Since last month, some 460 of the birds have shown up thin and confused – or dead — in Oregon and California, far from the coast where they typically feed. Domoic acid, a poison in algae that causes brain damage if ingested, was an early suspect. 

But Dan Anderson, an avian ecologist at the University of California, says the birds were probably disoriented because they’d flown 1,000 miles (1,609 kilometers) after getting cold and wet when temperatures dipped below freezing and 60 mile-per-hour (97 kilometer-per-hour) winds slammed into East Sand Island in the Columbia River, where the Pelicans were roosting. “They just flew a thousand miles and had their tails frozen off,” Anderson tells the New York Times. “They probably weren’t feeling so well.”

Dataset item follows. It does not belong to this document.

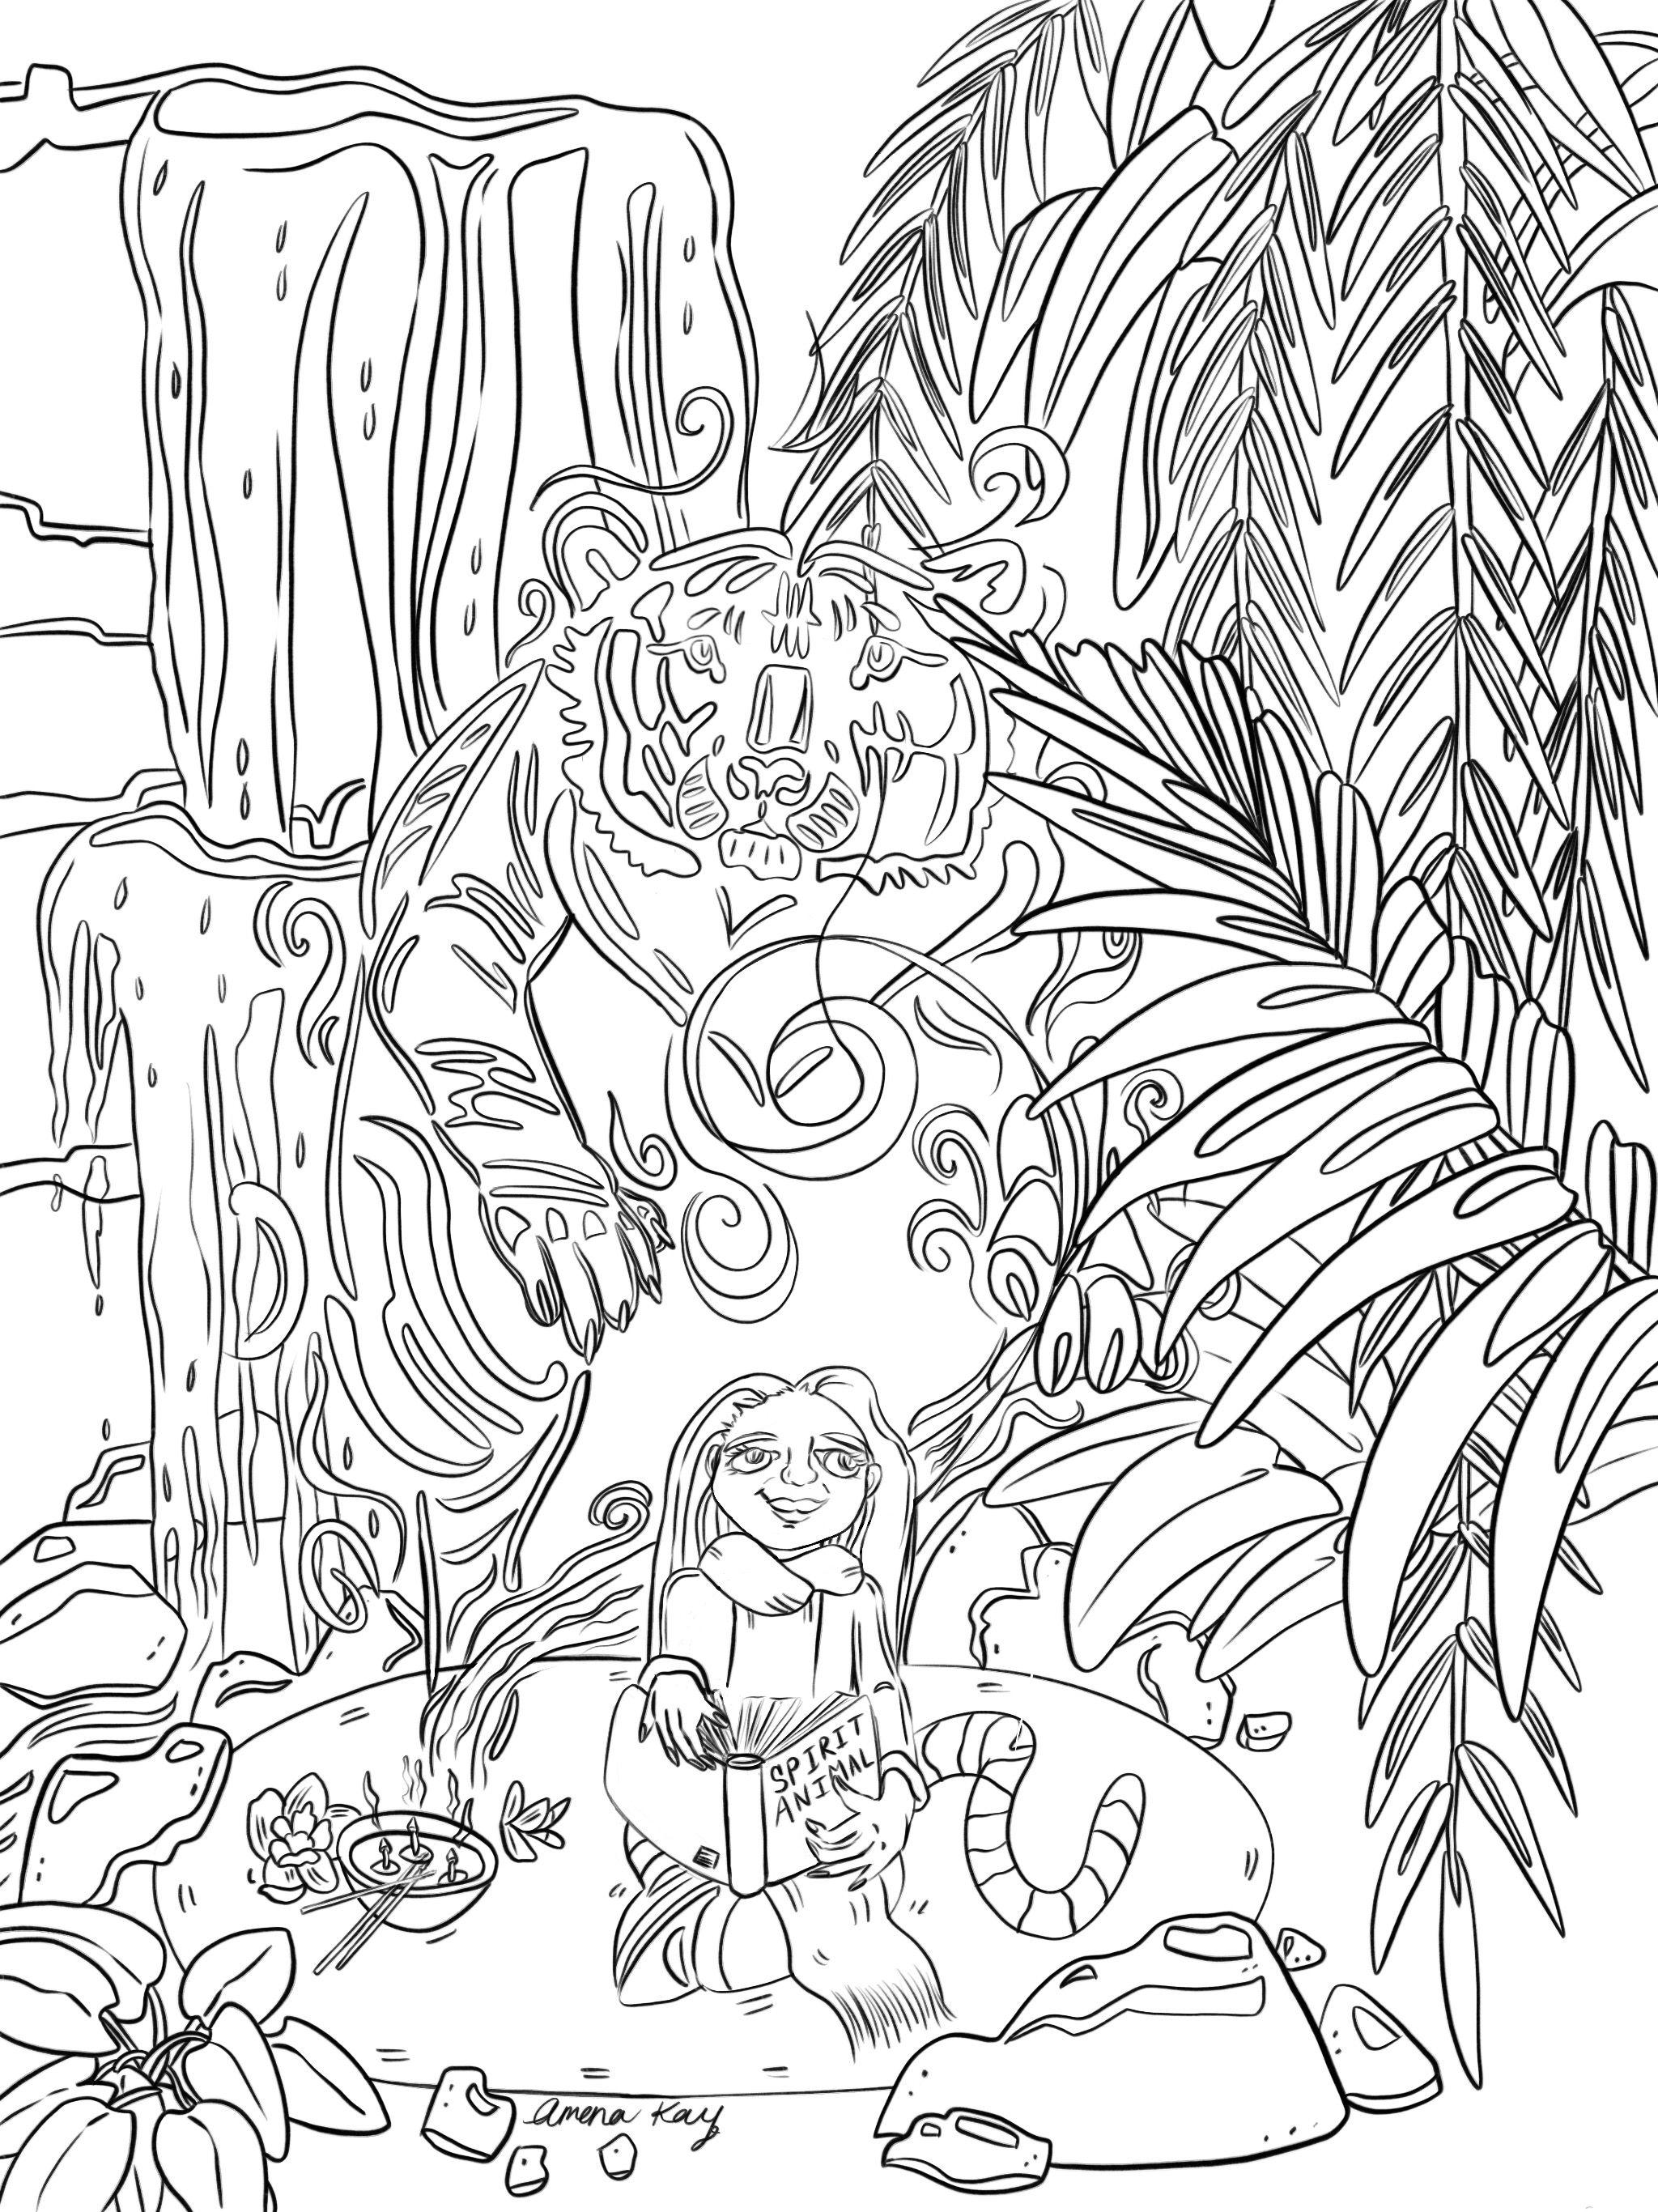 spirit animal coloring page amena kay free coloring pages

David Jessup, a senior veterinarian for the California Department of Fish and Game, also believes weather was the culprit. “Quite a few have severe frostbite injuries: frozen toes and foot webs, and nasty lesions on their pouches,” he told the Los Angeles Times. “They're in pretty good body condition otherwise. Even confused and depressed pelicans were not showing signs of brain damage."

The illnesses are a concern for California, where the bird is an endangered species after nearly being wiped out by the pesticide DDT and its byproduct DDE in the 1960s. But the case isn’t closed. Low levels of domoic acid were found in blood samples of 19 sick birds, according to the L.A. Times.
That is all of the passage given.